• **Problem requirements**: Copy out only the lines running from the one that contains "Imagem mostra os pés do Rei Pelé" through the end of the listing. Pictures stay out.

• **Data**:
■ ■ ■
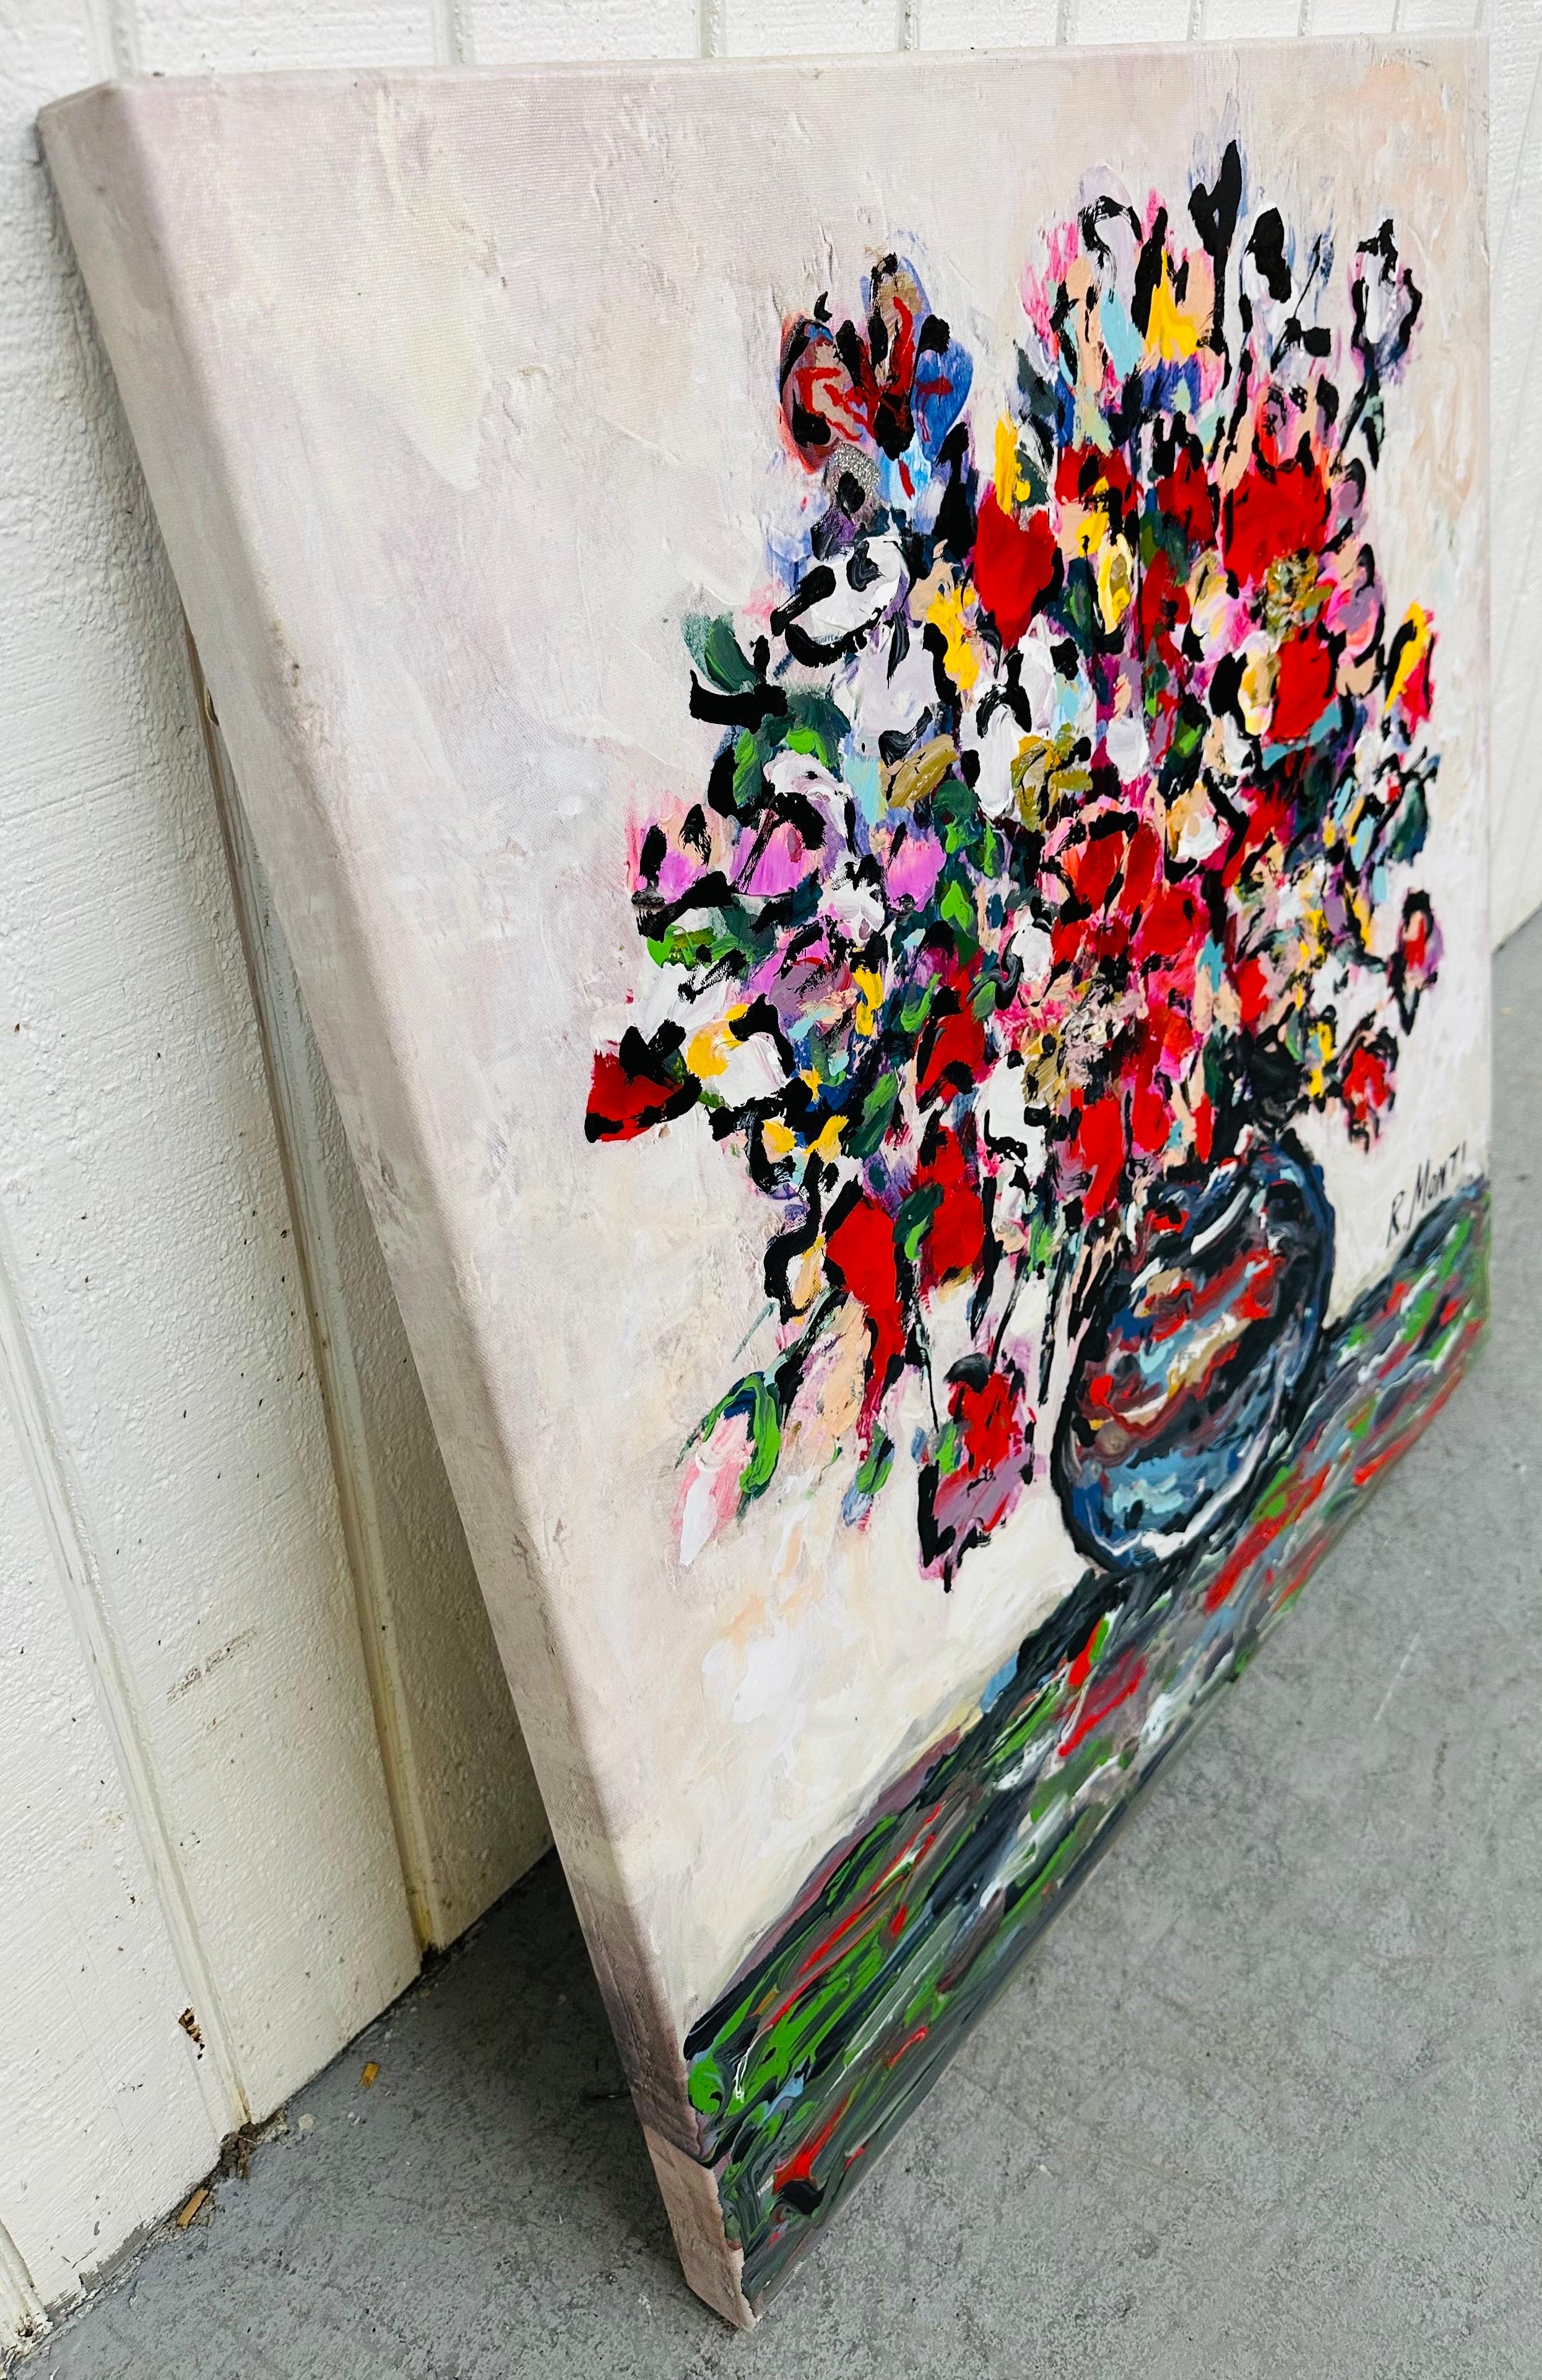 Cette annonce concerne une peinture abstraite florale moderne signée R. Montys. Cadre carré en toile, peinture abstraite de fleurs dans un vase, fil de fer au dos pour la suspension. Il s'agit d'une pièce exceptionnelle de l'artiste R. Montis.
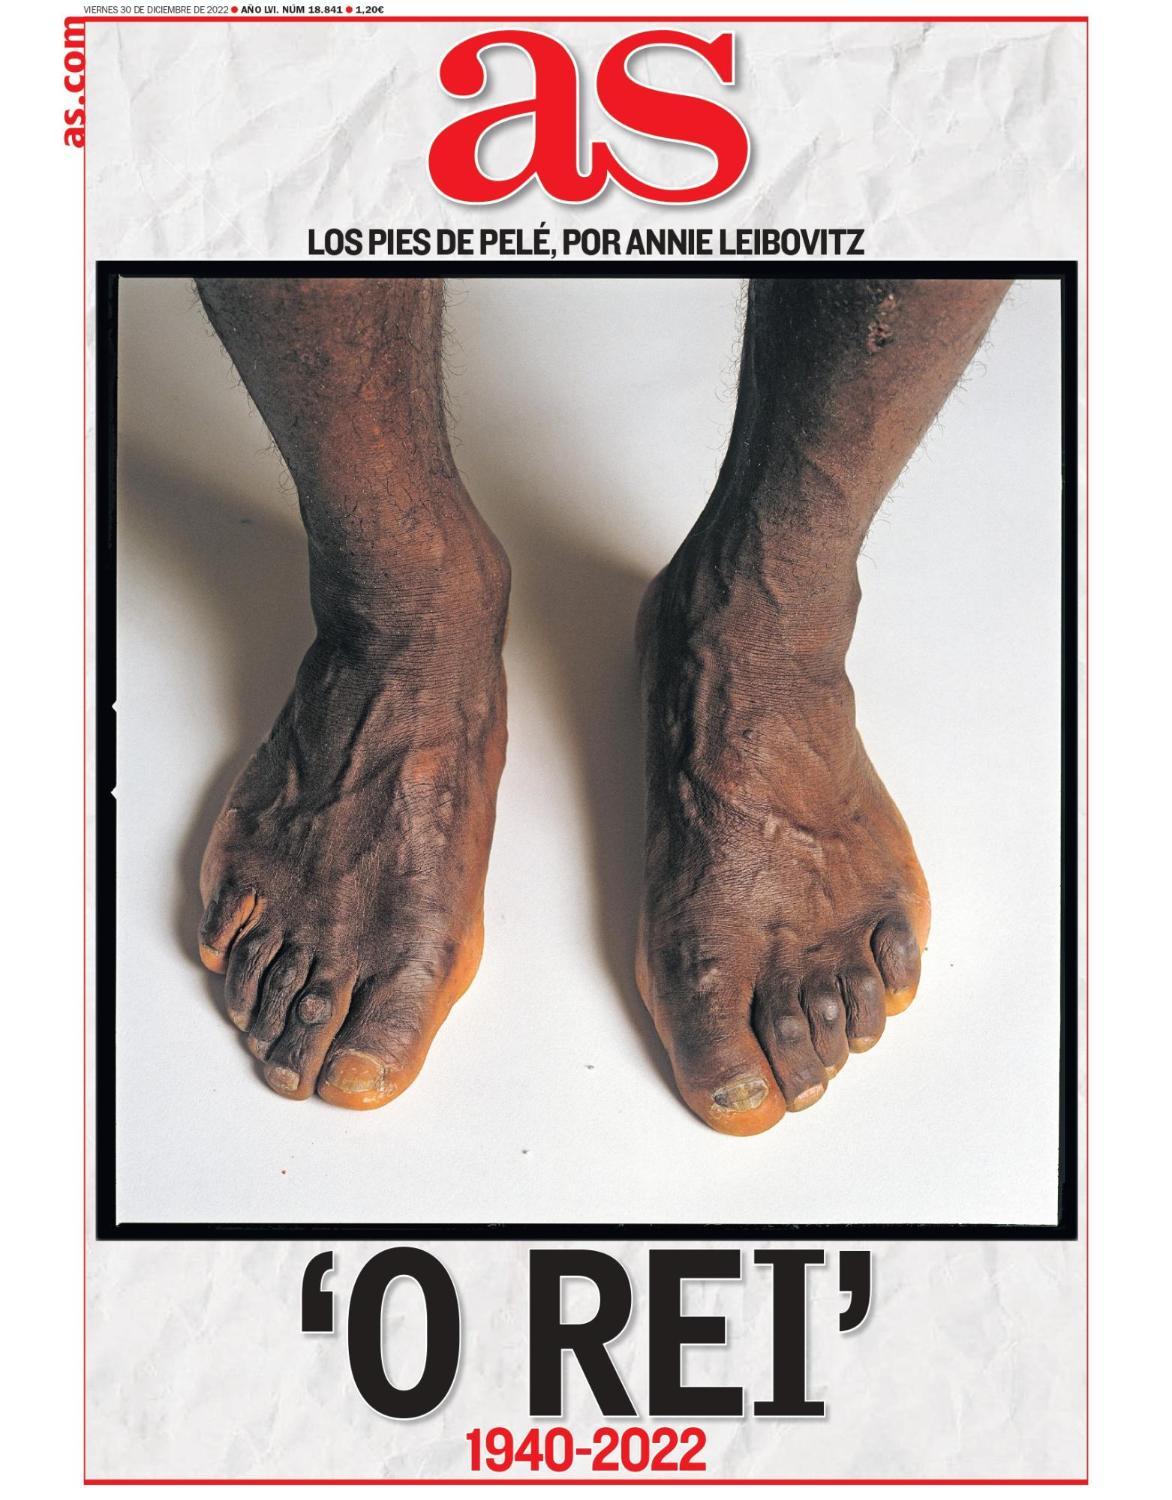 Imagem mostra os pés do Rei Pelé
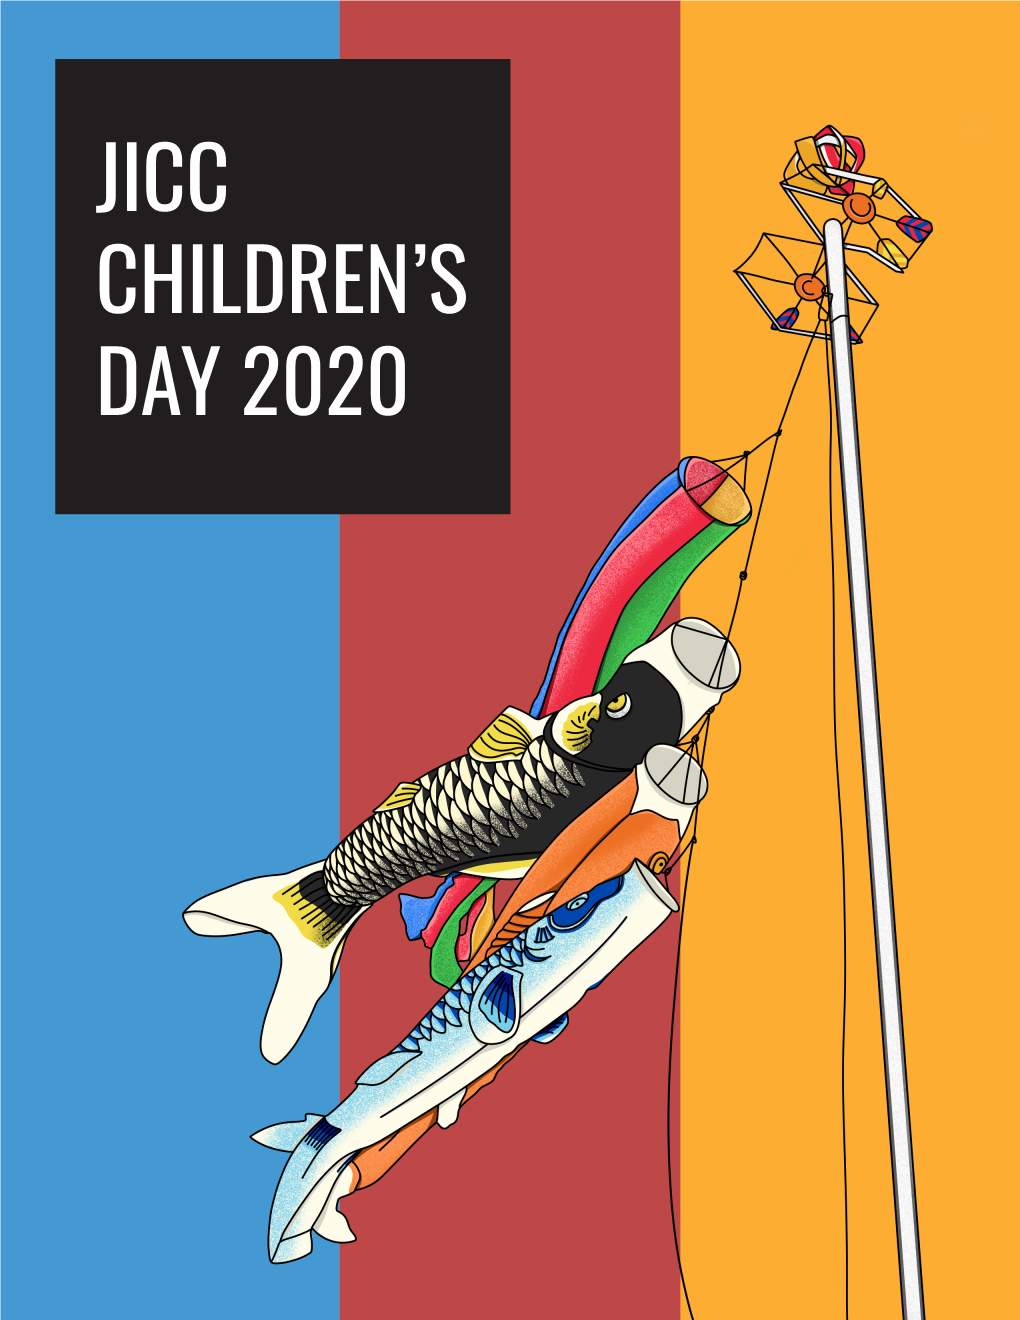 Jicc Children's Day 2020
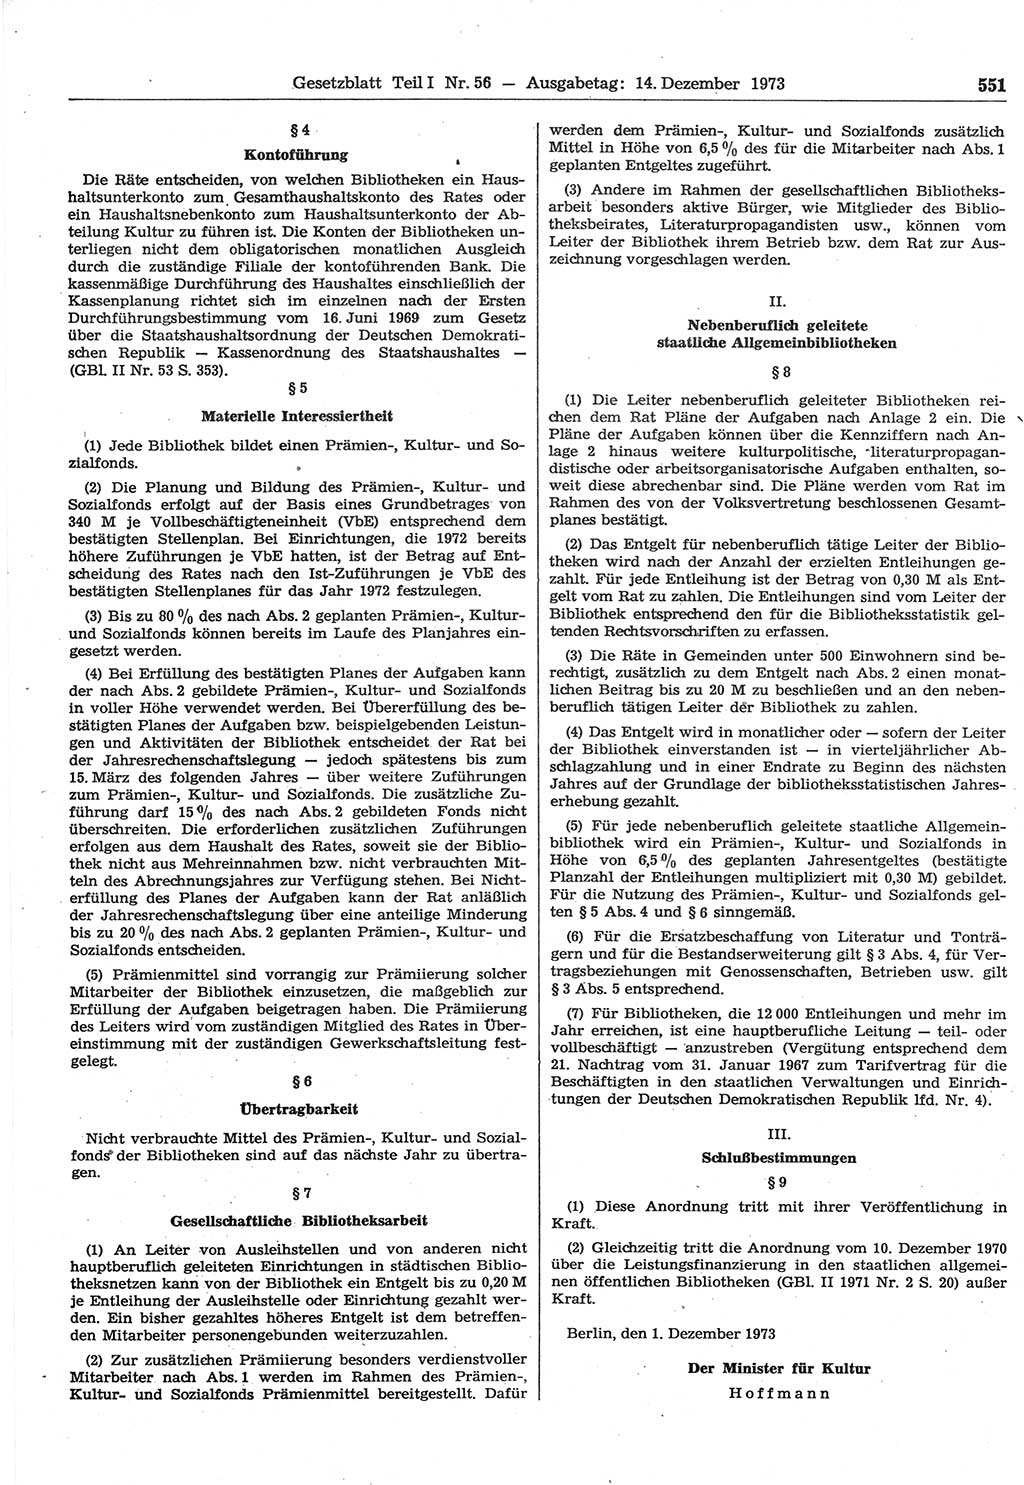 Gesetzblatt (GBl.) der Deutschen Demokratischen Republik (DDR) Teil Ⅰ 1973, Seite 551 (GBl. DDR Ⅰ 1973, S. 551)
■ ■ ■
• **Solution to this task**:
 Imagem mostra os pés do Rei Pelé
 Jicc Children's Day 2020
 Gesetzblatt (GBl.) der Deutschen Demokratischen Republik (DDR) Teil Ⅰ 1973, Seite 551 (GBl. DDR Ⅰ 1973, S. 551)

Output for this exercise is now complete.